BEGIN Supplied information
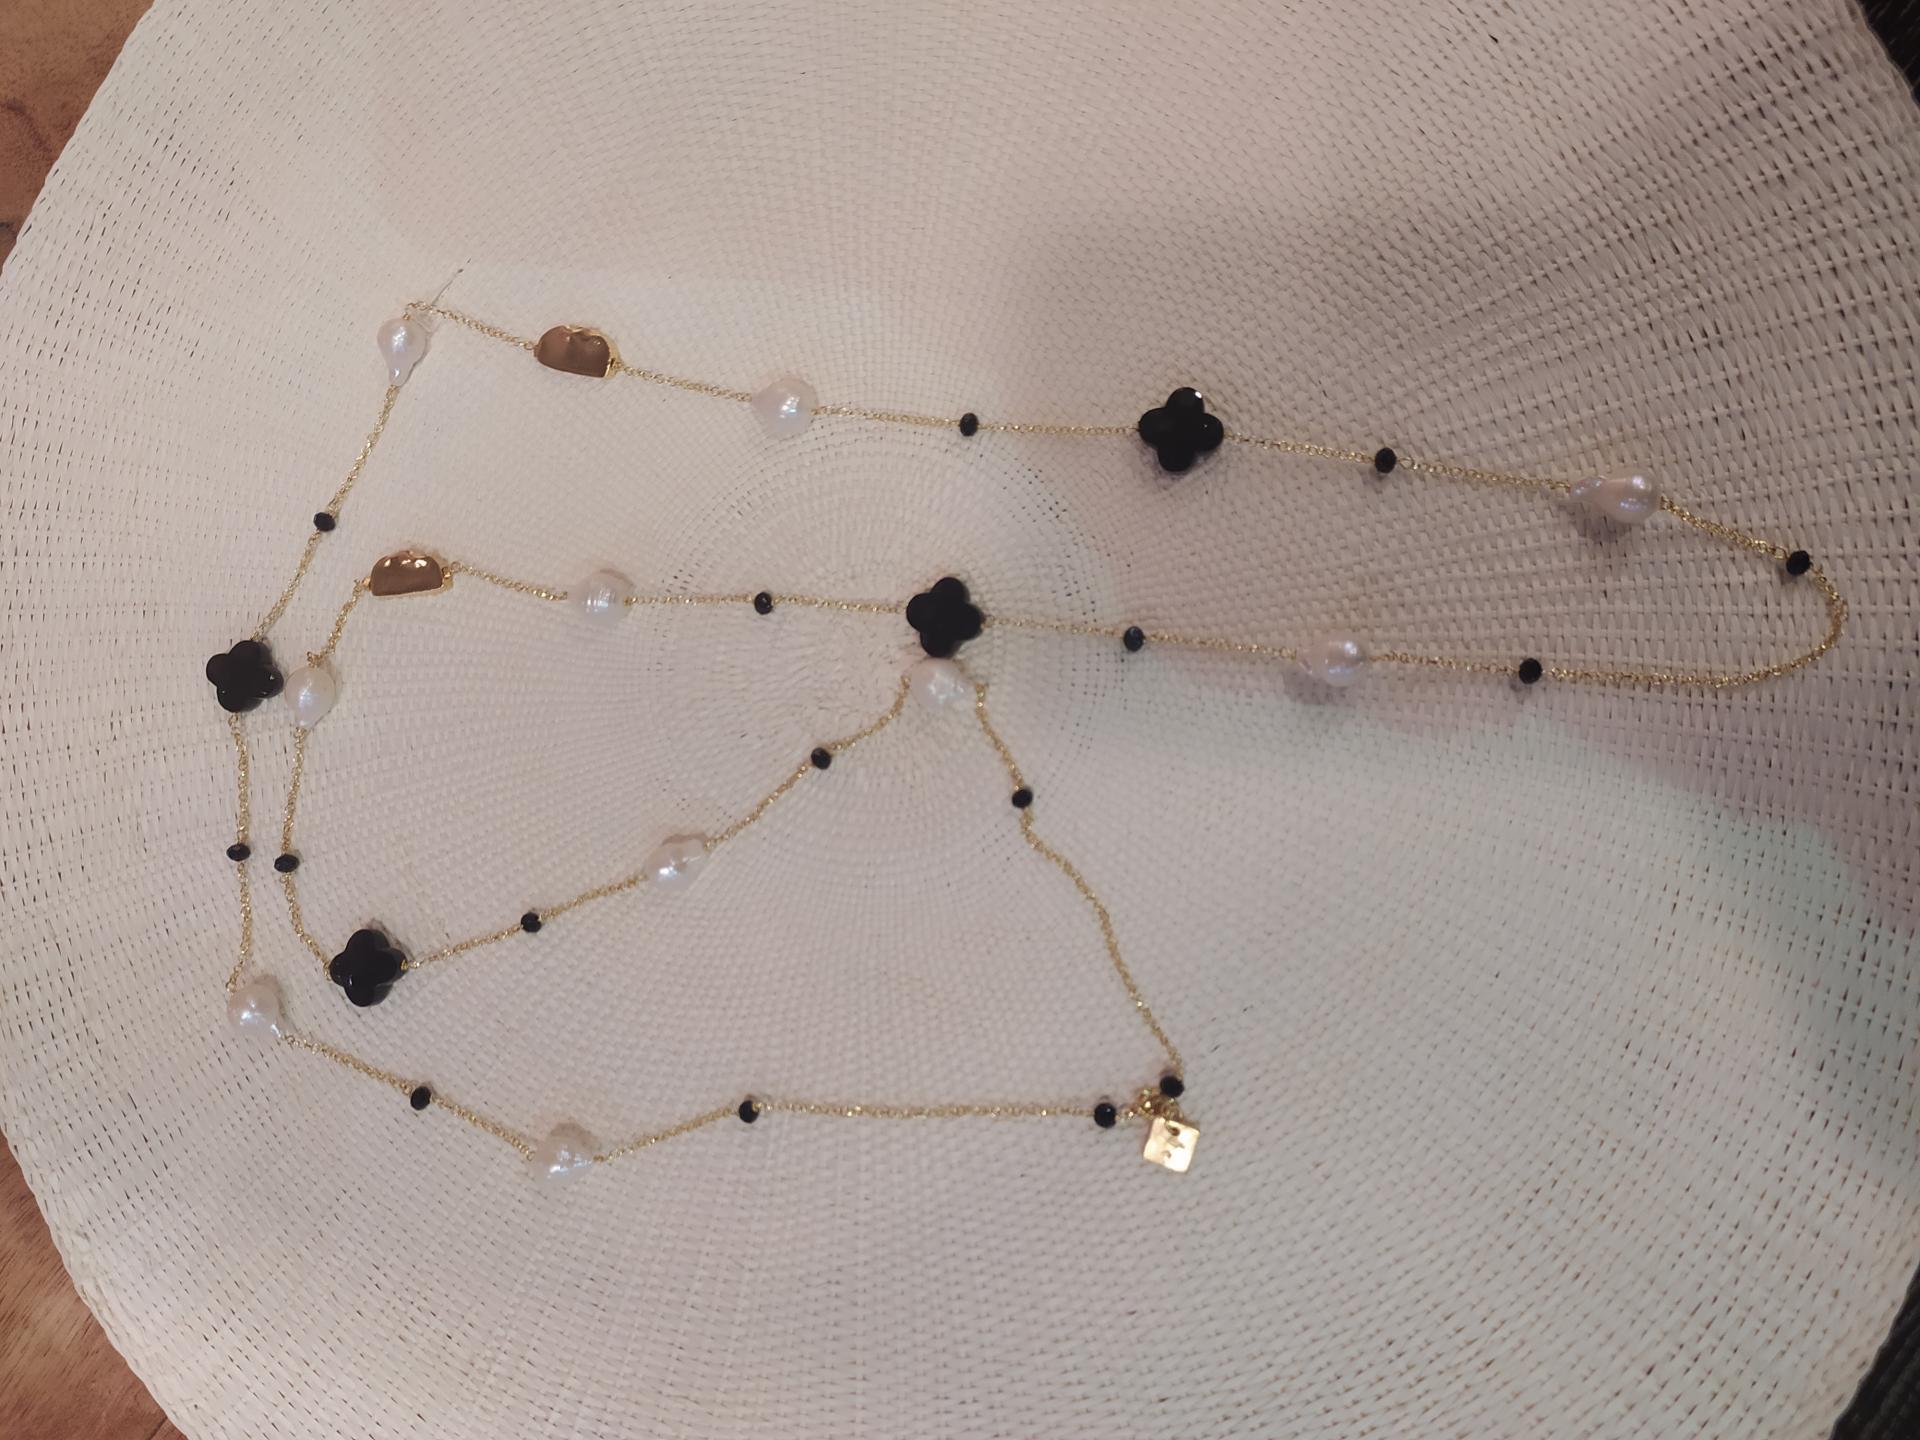 Sautoir onyx et perles baroques ref 365 7 34 gr
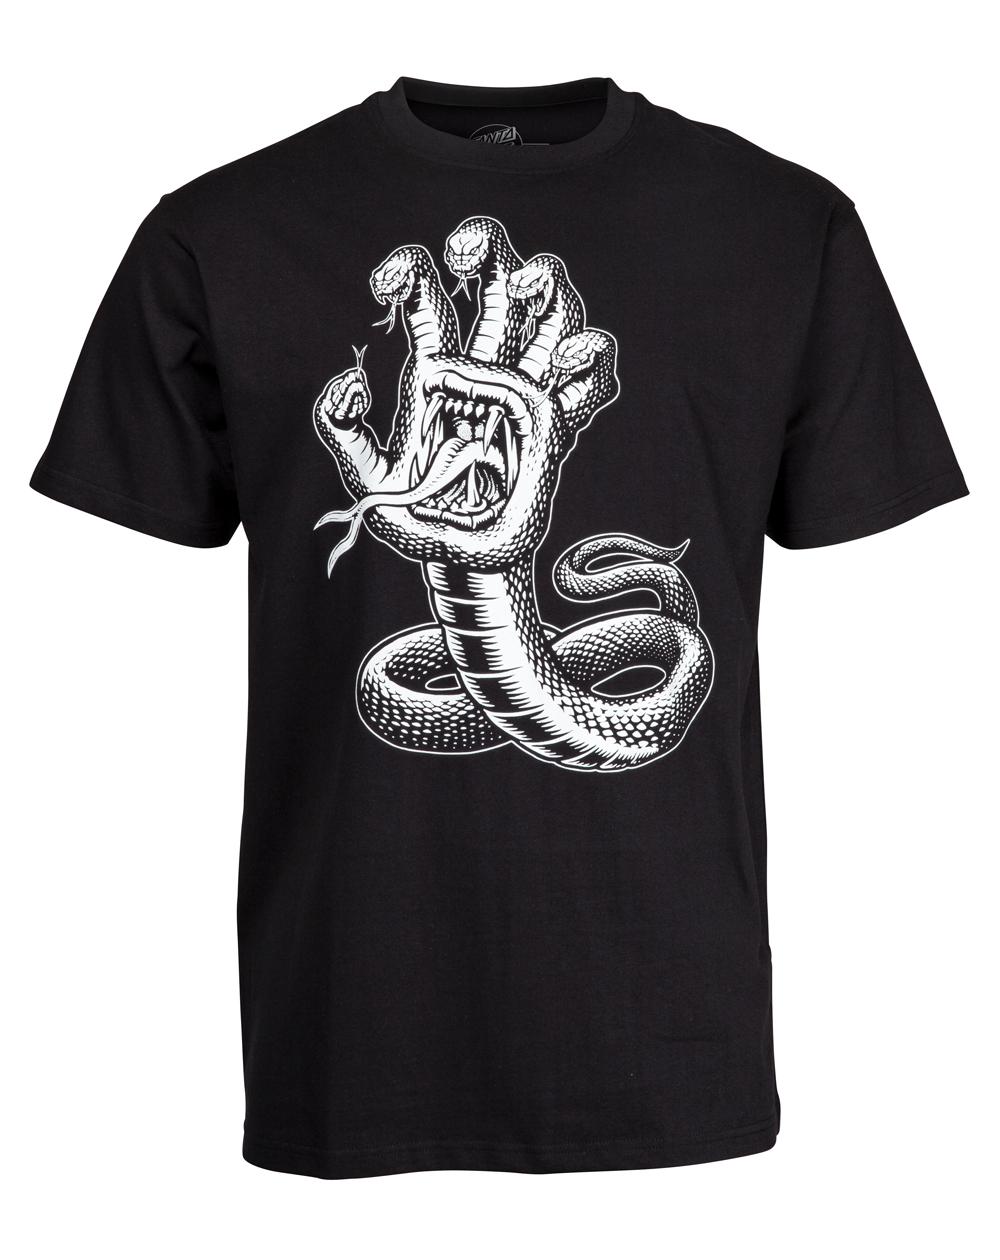 Santa Cruz Men's T-Shirt Hissing Hand Black
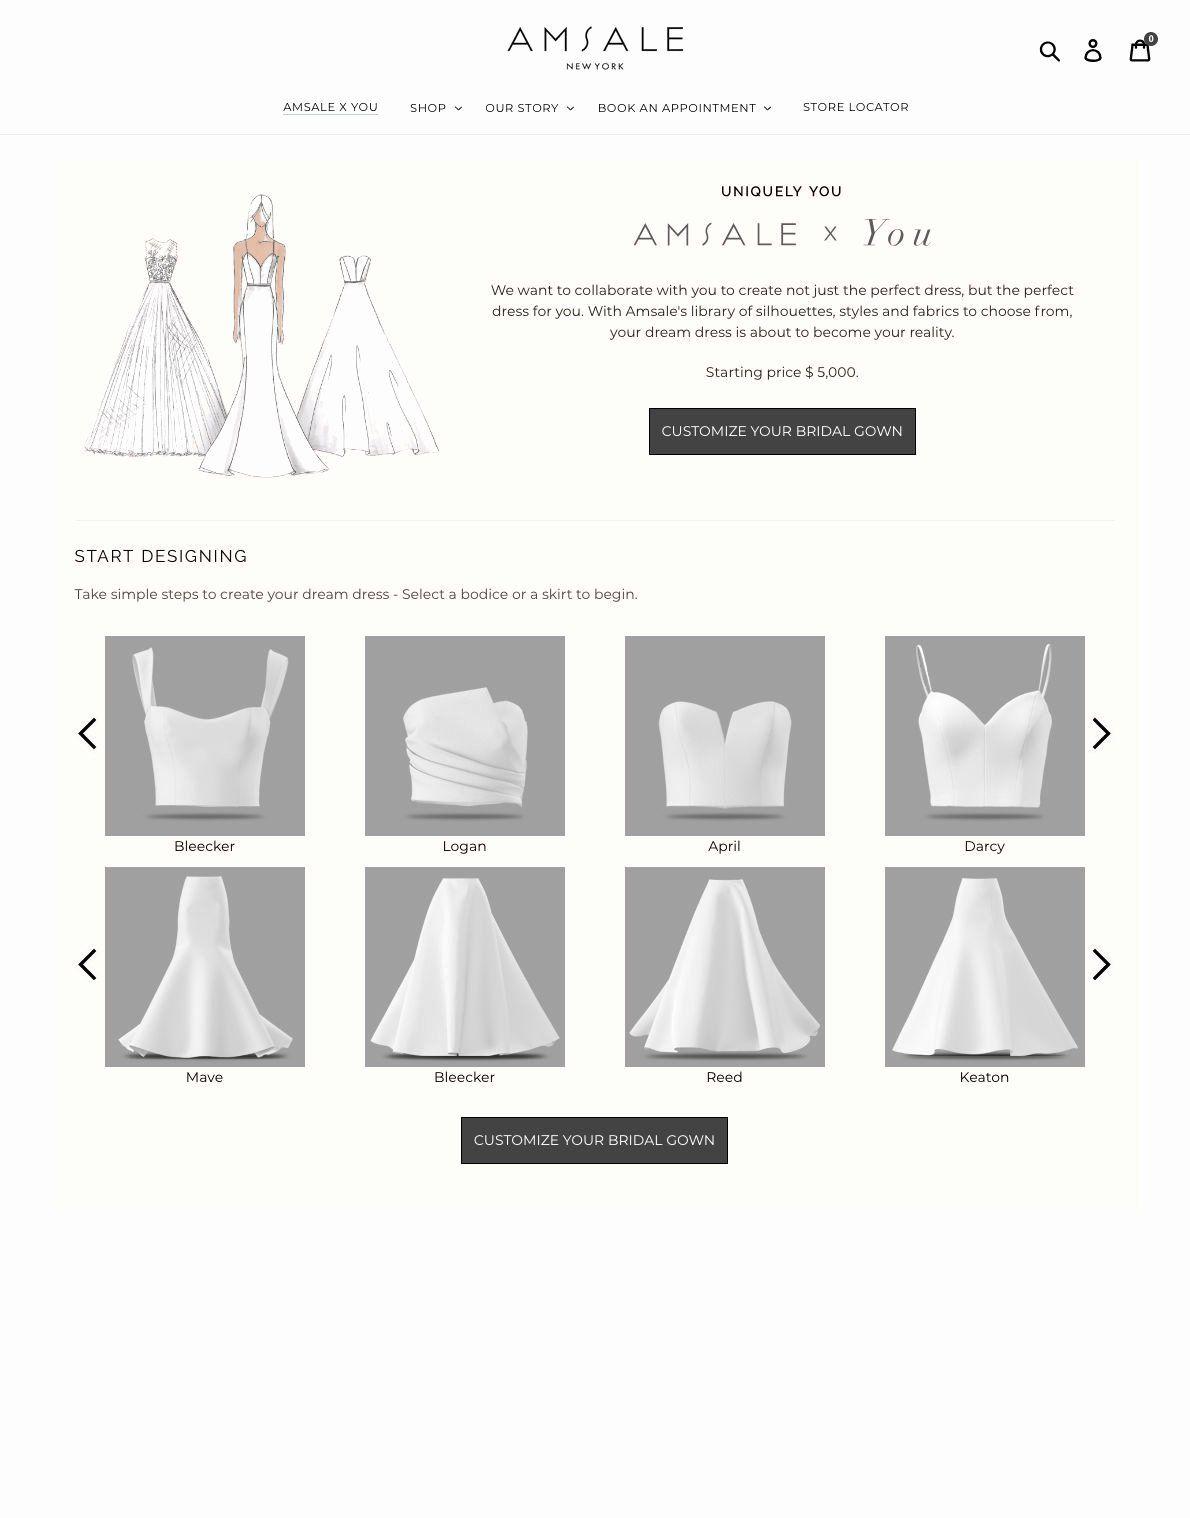 Wedding Dress Design Games Online Inspirational Barbie Doll Wedding Dress Up Games In 2020 Disney Wedding Dresses Doll Wedding Dress Online Wedding Dress
END Supplied information
# Assignment
Please give back the data above word for word, with no pictures included.

# Exercise response
 Sautoir onyx et perles baroques ref 365 7 34 gr
 Santa Cruz Men's T-Shirt Hissing Hand Black
 Wedding Dress Design Games Online Inspirational Barbie Doll Wedding Dress Up Games In 2020 Disney Wedding Dresses Doll Wedding Dress Online Wedding Dress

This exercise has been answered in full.